Em 11 de setembro de 2001 vimos atónitos, ainda não em direto pleno, um ataque focado no coração financeiro dos Estados Unidos da América (EUA) vindo do exterior. Vinte anos depois testemunhamos, desta vez em tempo real, um ataque ao coração político desse grande país, perpetrado não por um inimigo externo, mas sim por um grupo de "arruaceiros e terroristas domésticos" pertencentes a uma fação antidemocrática e com laivos fascistas.
A que assistimos, no passado dia 6, nos EUA? Ao fim de um episódio grotesco, ou ao emergir de um monstro que ensaiou um assalto ao poder de que sai derrotado, mas que permanecerá vivo e ativo nos seus propósitos? Como se extirpa o ódio que move as massas que irromperam no Capitólio ou apoiam esse ato?
Trump, figura humana e política escabrosa, ganhou notoriedade como "homem de negócios" (hoje comprovadamente um fiasco), associado a uma exposição pública promovida por grandes meios da Comunicação Social para quem vale tudo para obter audiências, que sobrevalorizam o poder económico e financeiro e se servem do aniquilamento de valores éticos e humanistas. O lamaçal daí resultante esconde os responsáveis pela degradação das condições de vida da esmagadora maioria do povo que vive do trabalho, e é um maná para religiosidades retrógradas e conceções fascistas da sociedade.
Alcandorado a comandante em chefe de arruaceiros, Trump tomou essa força para vergar e instrumentalizar o Partido Republicano já muito conservador, para encostar à parede o Partido Democrata, atolado pela ação das suas "elites" na submissão da democracia a poderes económico/financeiros obscuros. A partir de eleições tidas por democráticas, realizadas em 2016, o chefe dos arruaceiros passou a ser o presidente do Estado. Depois, foi reforçando o poder económico e financeiro; passou a usar mecanismos da democracia política contra a própria democracia política e social; atacou as instituições do Estado e as representações intermédias da sociedade sem as quais a democracia não sobrevive; combateu ferozmente "minorias" e "estrangeiros", responsabilizando-os pelos grandes problemas coletivos; promoveu o chauvinismo machista; equiparou o valor de análises suportadas no conhecimento científico e em representações coletivas testadas, ao valor de qualquer opinião não qualificada ou crença supersticiosa - a pseudoverdade dos cliques nas redes sociais.

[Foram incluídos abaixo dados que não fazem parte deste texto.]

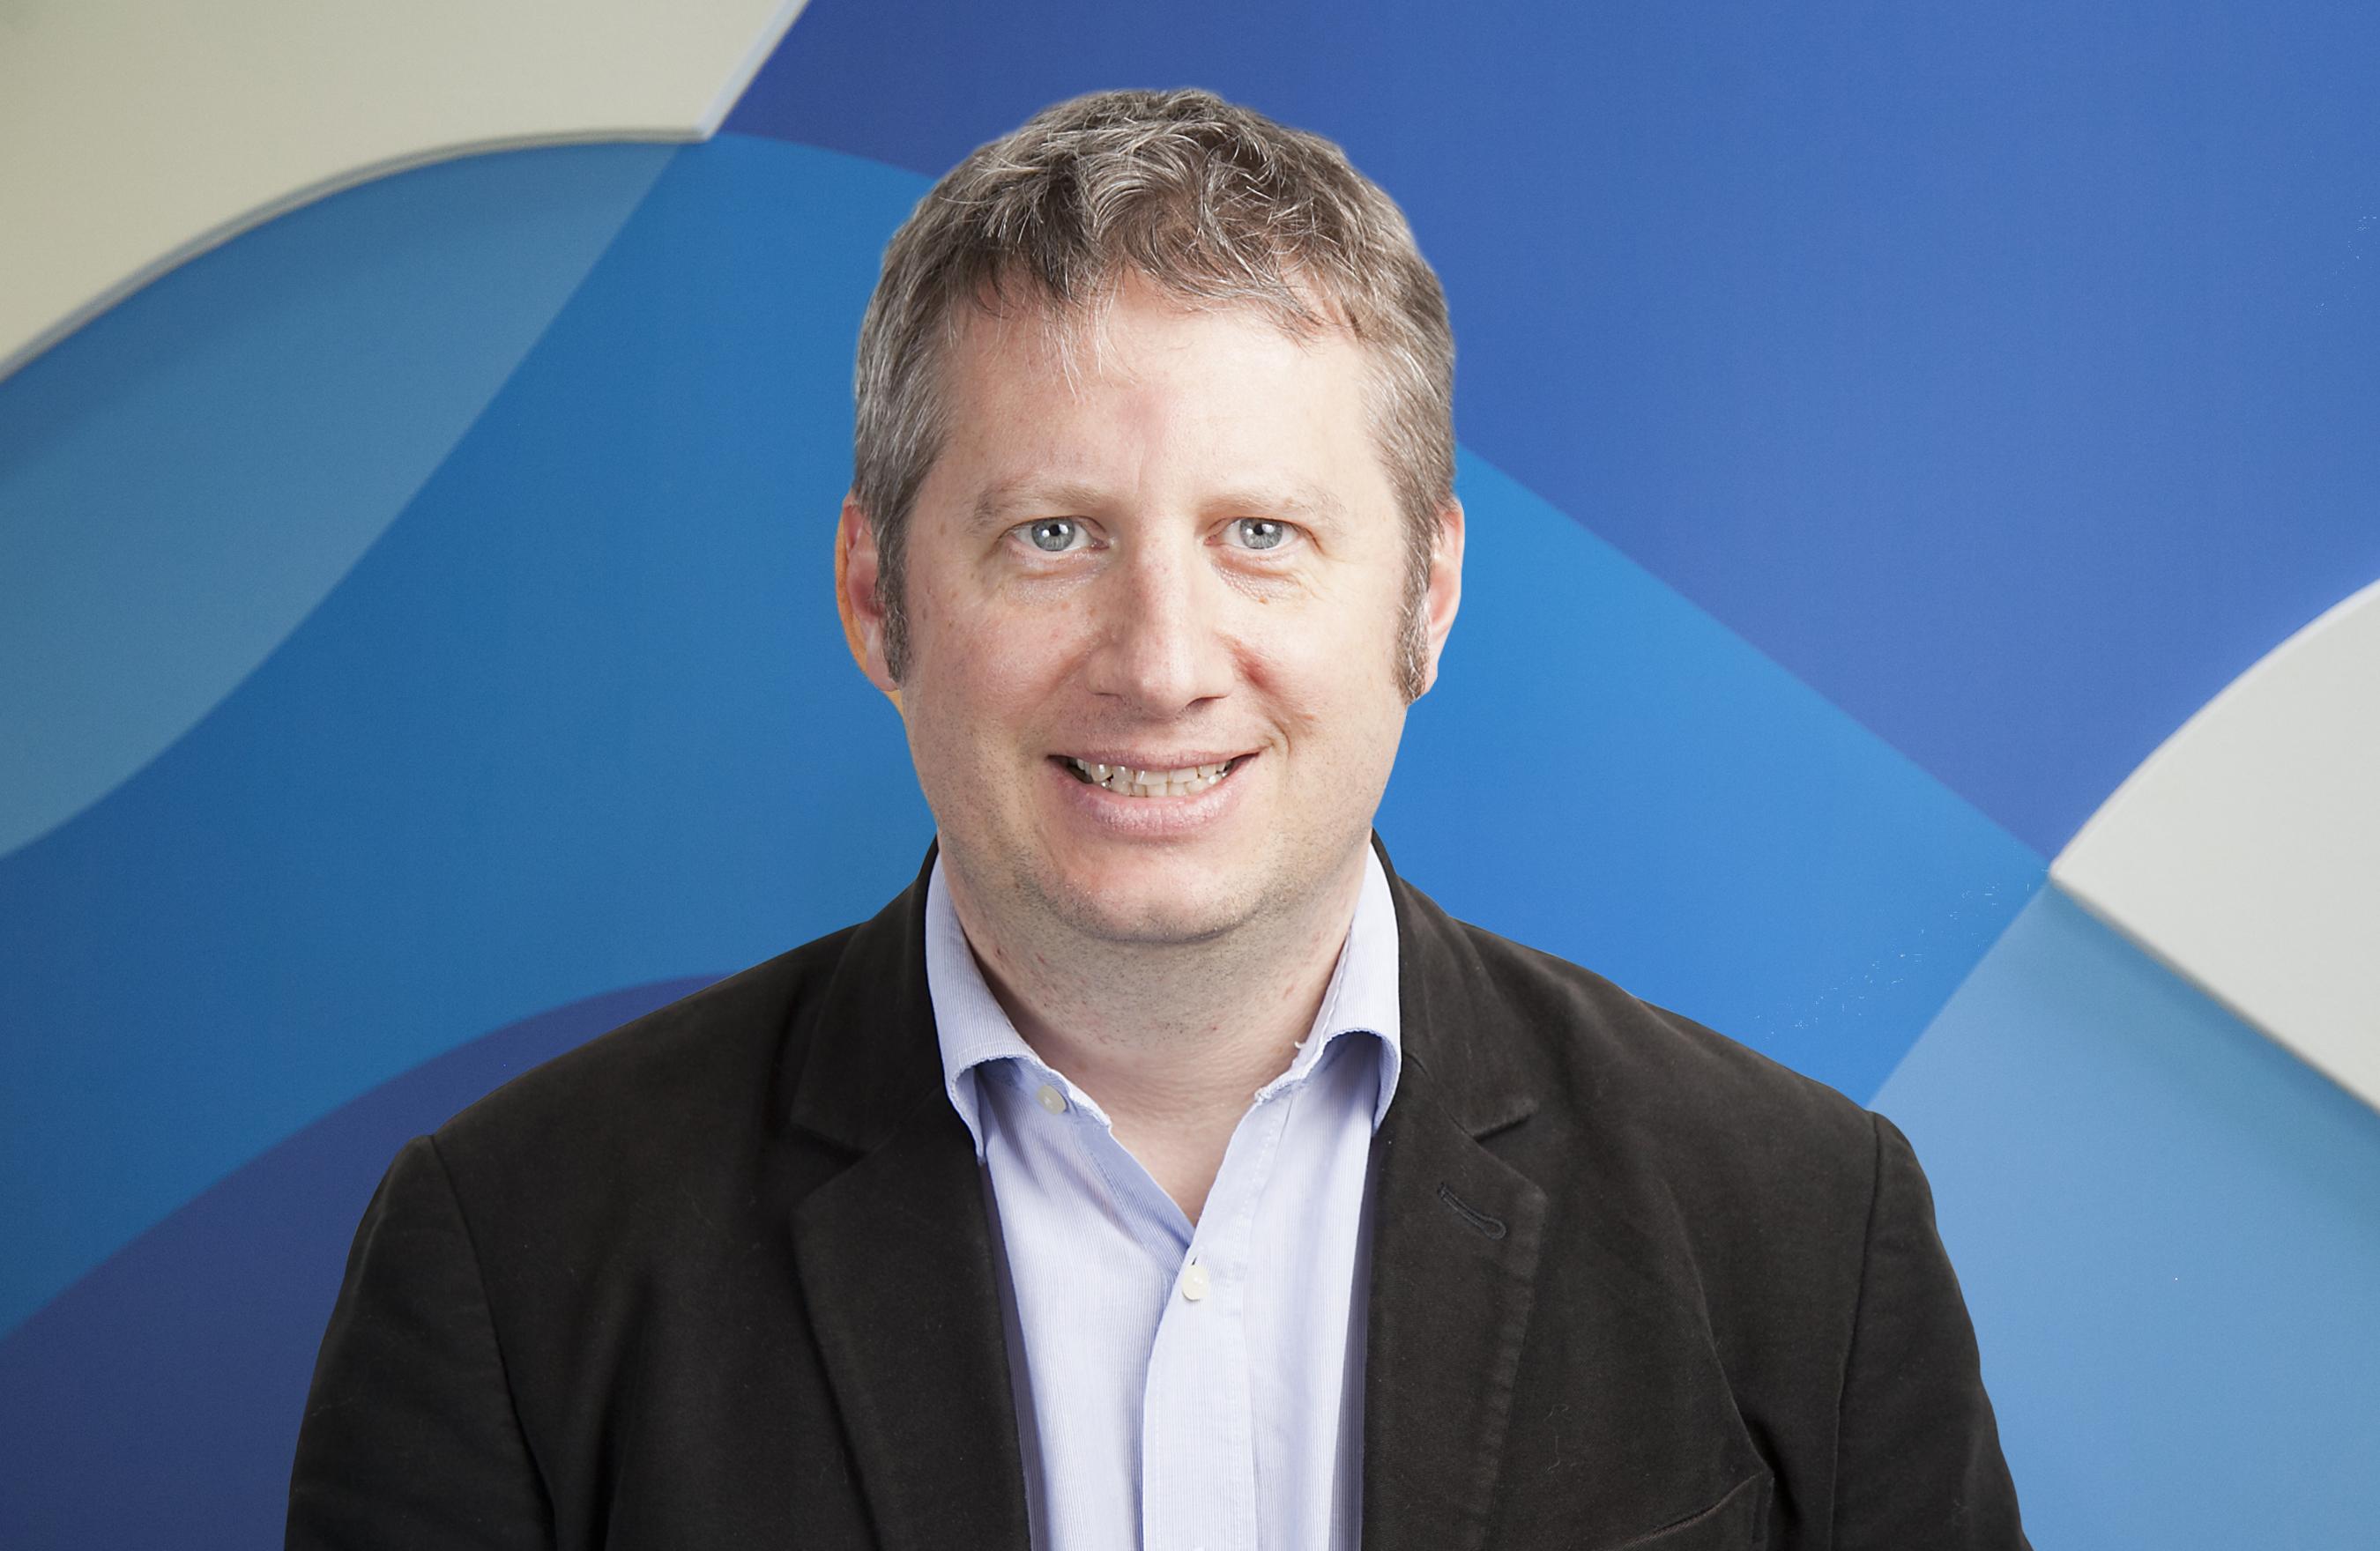 Ben-Roberts Empowering Generation Z through technology

Trump é a expressão mais especializada do ataque à verdade. Agora, importa procurar compreender como é que quase metade dos eleitores norte-americanos, após a evidência das suas "loucuras", apoiaram este homem nas últimas eleições e provavelmente continuarão a apoiar (este ou outro parecido), mesmo depois do ataque ao Capitólio. Nos EUA como em muitos outros países, movimentos como o que suporta Trump, quando em maré-cheia, pegam fogo aos parlamentos, por fora e por dentro.
Em Portugal também há dinâmicas retrógradas e fascistas perigosas. Nestas eleições presidenciais aí está um candidato trampista e bolsonarista sem pingo de dignidade, saltitando entre a sabujice e a sobranceria, intrujão sem limites. Os outros candidatos têm criado um cordão sanitário em volta dele, mas há Comunicação Social a promovê-lo, a Direita portuguesa tem-lhe dado acesso, e a nossa sociedade está marcada por muita desesperança.